For the line processing part, let's start by ignoring all of the markup syntax and just group lines together into paragraphs (paragraphs are separated by an empty line), and iteratively add new features later in the chapter:

A common solution in imperative programs would be to iterate over the lines using some loop construct and accumulate lines that should be grouped together into some intermediate mutable variable. When we reach an empty line, we insert the content of that variable into another mutable variable that accumulates the results.

Our approach in Haskell isn't so different, except that we do not use loops or mutable variables. Instead, we use recursion.

Recursion and accumulating information

Instead of loops, in Haskell we use recursion to model iteration.

Consider the following contrived example: let's say that we want to write an algorithm for adding two natural numbers together, and we don't have a standard operation to do that (+), but we do have two operations we could use on each number: increment and decrement.

A solution we could come up with is to slowly "pass" one number to the other number iteratively, by incrementing one, and decrementing the other. And we do that until the number we decrement reaches 0.

For example for 3 and 2:

  • We start with 3 and 2, and we increment 3 and decrement 2
  • On the next step we now have 4 and 1, we increment 4 and decrement 1
  • On the next step we now have 5 and 0, since the second number is 0 we declare 5 as the result.

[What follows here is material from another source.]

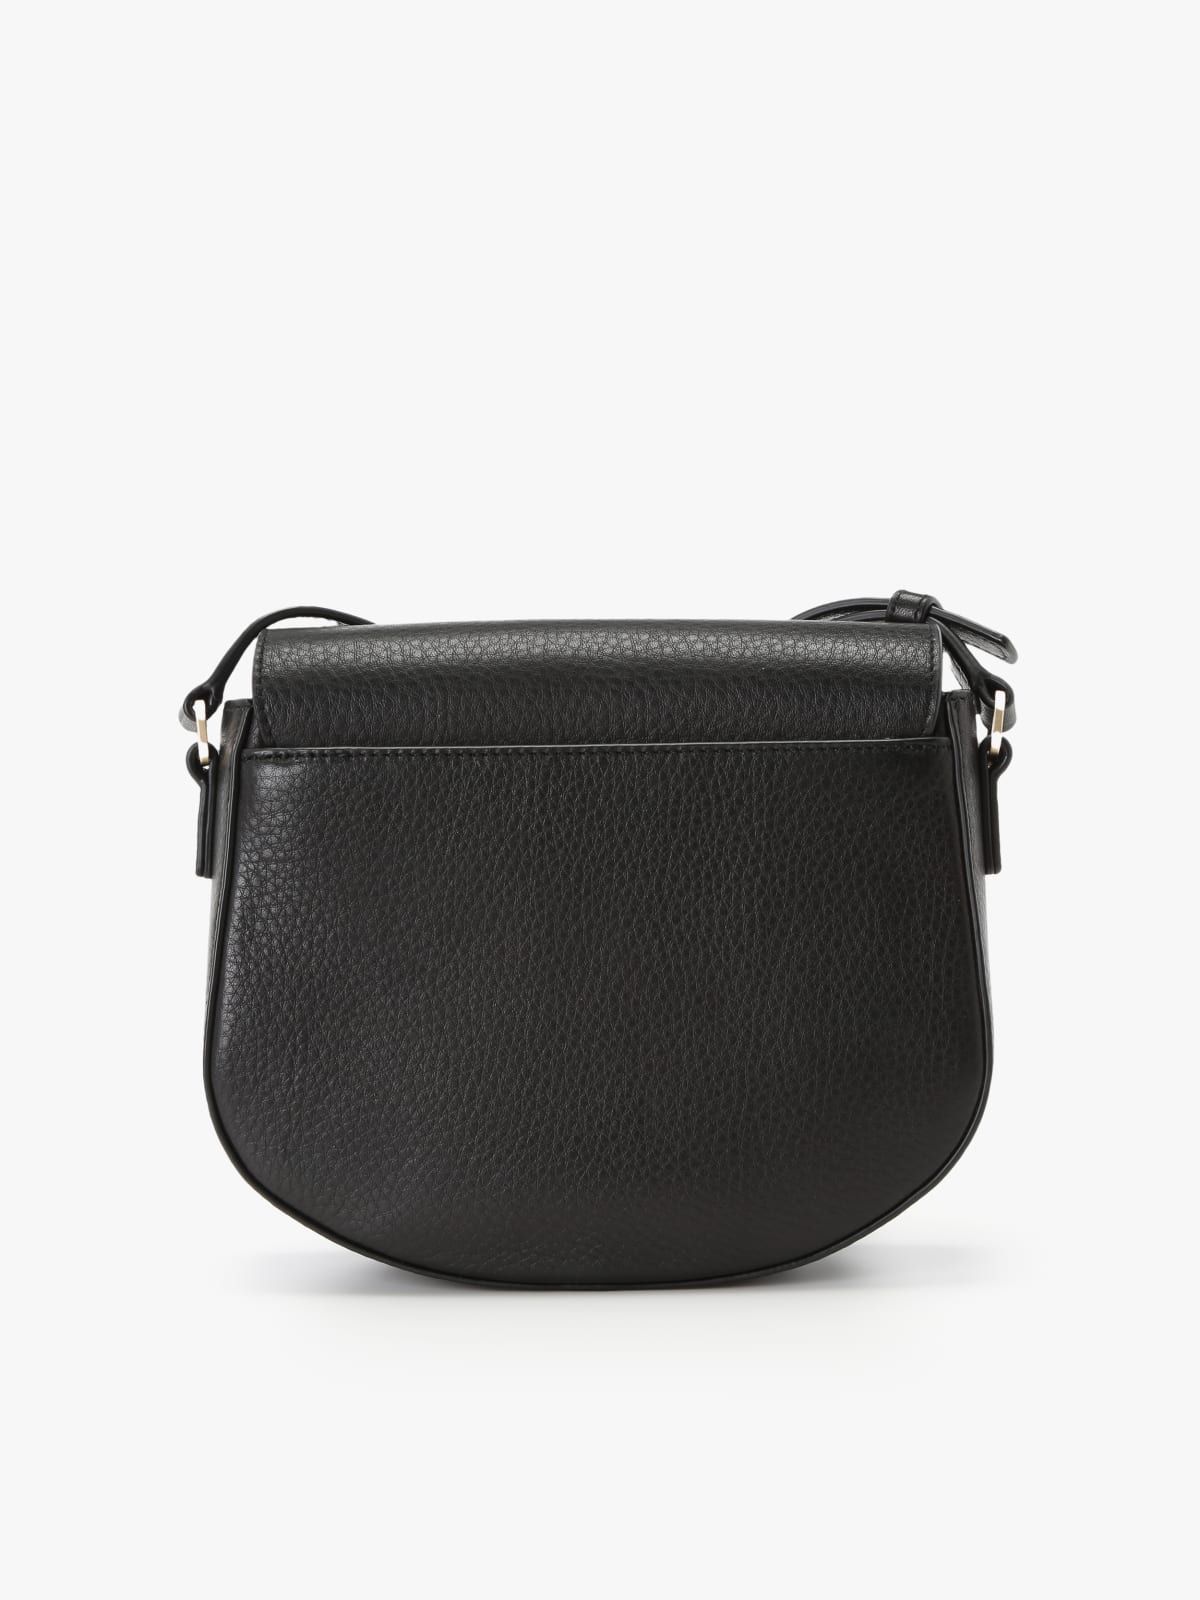 Grained leather horizontal bag

This can be written imperatively using a loop:

function sum(n, m) {
  while (m /= 0) {
    n = increment(n);
    m = decrement(m);
  }
  return n;
}

We can write the same algorithm in Haskell without mutation using recursion:

sum n m =
  if m /= 0
    then sum (increment n) (decrement m)
    else n

In Haskell, in order to emulate iteration with mutable state, we call the function again with the values we want the variables to have in the next iteration.

Evaluation of recursion

Recursion commonly has a bad reputation for being slow and possibly unsafe compared to loops. This is because in imperative languages, calling a function often requires creating a new call stack.

However, functional languages (and Haskell in particular) play by different rules and implement a feature called tail call elimination - when the result of a function call is the result of the function (this is called tail position), we can just drop the current stack frame and then allocate one for the function we call, so we don't require N stack frames for N iterations.

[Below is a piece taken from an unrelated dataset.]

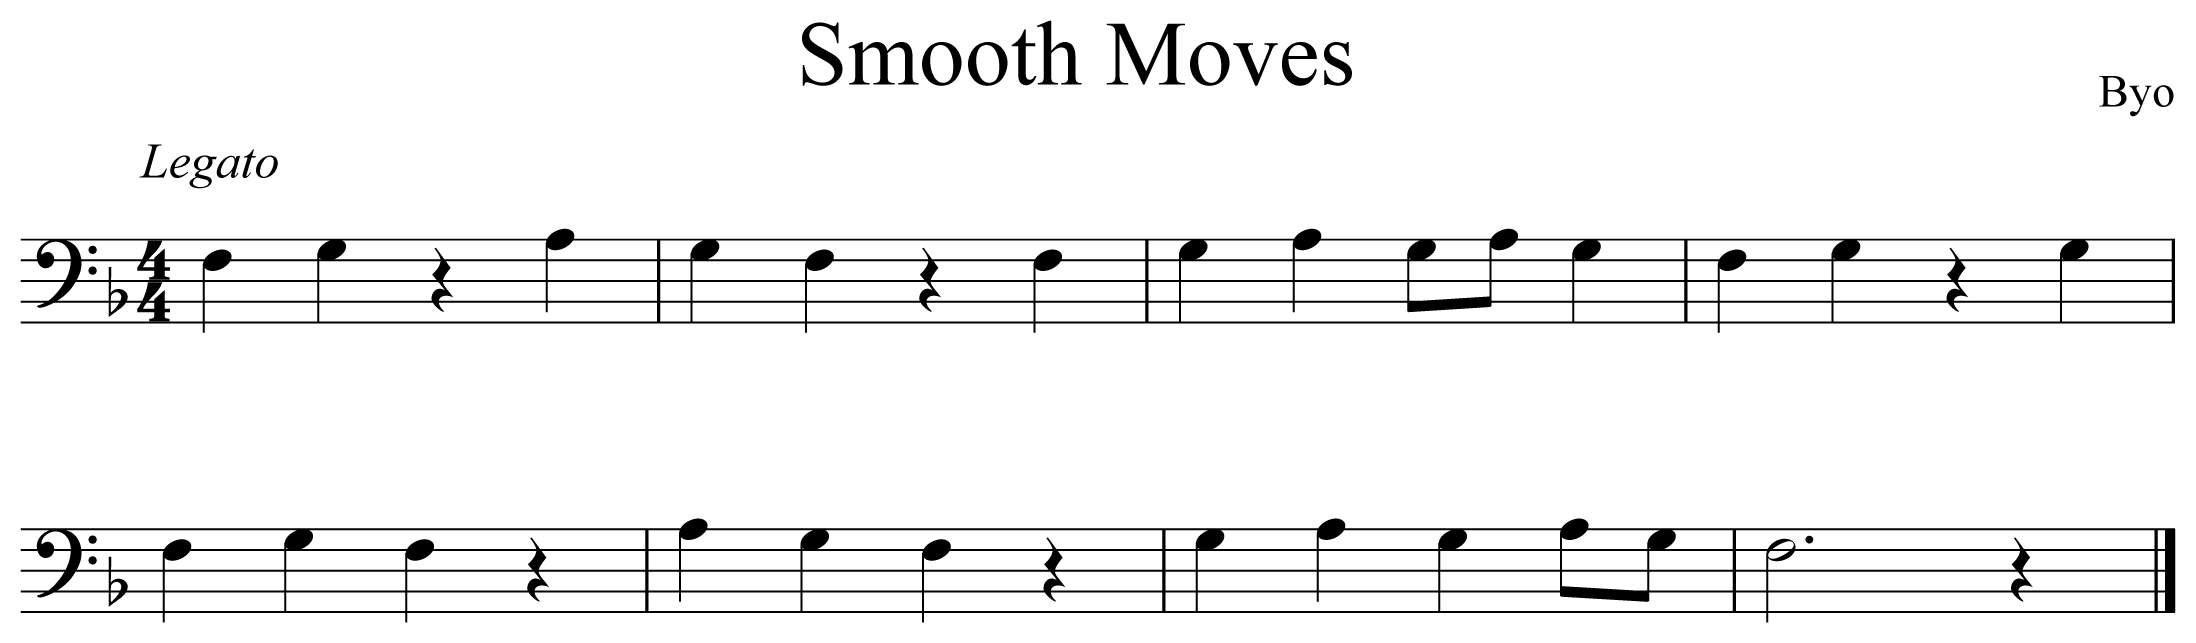 Smooth Moves Music Notation Euphonium

This is of course only one way to do tail call elimination and other strategies exists, such as translating code like our recursive sum above to the iteration version.

Laziness

Haskell plays by slightly different rules because it uses a lazy evaluation strategy instead of the much more common strict evaluation strategy. An evaluation strategy refers to "when do we evaluate a computation". In a strict language the answer is simple: we evaluate the arguments of a function before entering a function.

So for example the evaluation of sum (increment 3) (decrement 2) using strict evaluation will look like this:

  1. Evaluate increment 3 to 4
  2. Evaluate decrement 2 to 1
  3. Evaluate sum 4 1

Or, alternatively (depending on the language) we reverse (1) and (2) and evaluate the arguments from right-to-left instead of left-to-right.

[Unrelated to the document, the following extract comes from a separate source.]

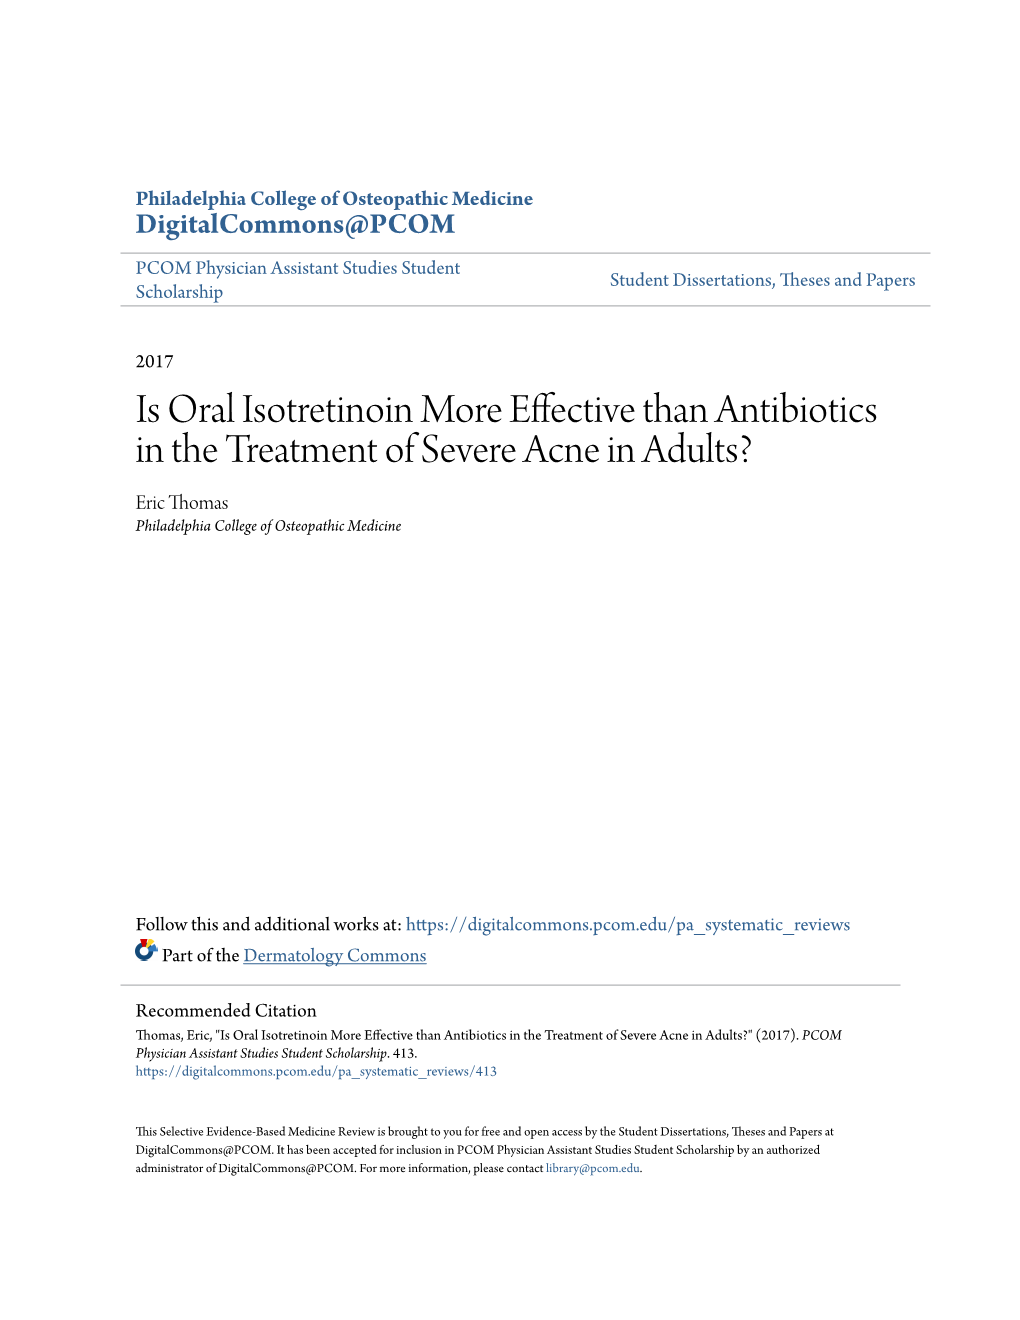 Is Oral Isotretinoin More Effective Than Antibiotics in the Treatment of Severe Acne in Adults? Eric Thomas Philadelphia College of Osteopathic Medicine

On the other hand, with lazy evaluation, we only evaluate computation when we need it, where 'when do we need it?' is when it is part of a computation that will have some effect on the outside world, for example when writing a computation to standard output or sending it over the network.

So unless this computation is required, it won't be evaluated. For example:

main =
  if sum (increment 2) (decrement 3) == 5
    then putStrLn "Yes."
    else putStrLn "No."

In the case above, we need the result of sum (increment 2) (decrement 3) in order to know which message to write, so it will be evaluated. But:

main =
  let
    five = sum (increment 2) (decrement 3)
  in
    putStrLn "Not required"

In the case above we don't actually need five, so we don't evaluate it!

But then if we know we need sum (increment 2) (decrement 3), do we use strict evaluation now? The answer is no - because we might not need to evaluate the arguments to complete the computation. For example in this case:

const a b = a

main =
  if const (increment 2) (decrement 3) == 3
    then putStrLn "Yes."
    else putStrLn "No."

const ignores the second argument and returns the first, so we don't actually need to calculate decrement 3 in order to provide an answer to the computation and in turn output an answer to the screen.

With the lazy evaluation strategy we will evaluate expressions when we need to (when they are required in order to do something for the user), and we evaluate from the outside in - first we enter functions, and then we evaluate the arguments when we need to (usually when the thing we want to evaluate appears in some control flow such as the condition of an if expression or a pattern in pattern matching).


I've written a more in-depth blog post about how this works in Haskell: Substitution and Equational Reasoning.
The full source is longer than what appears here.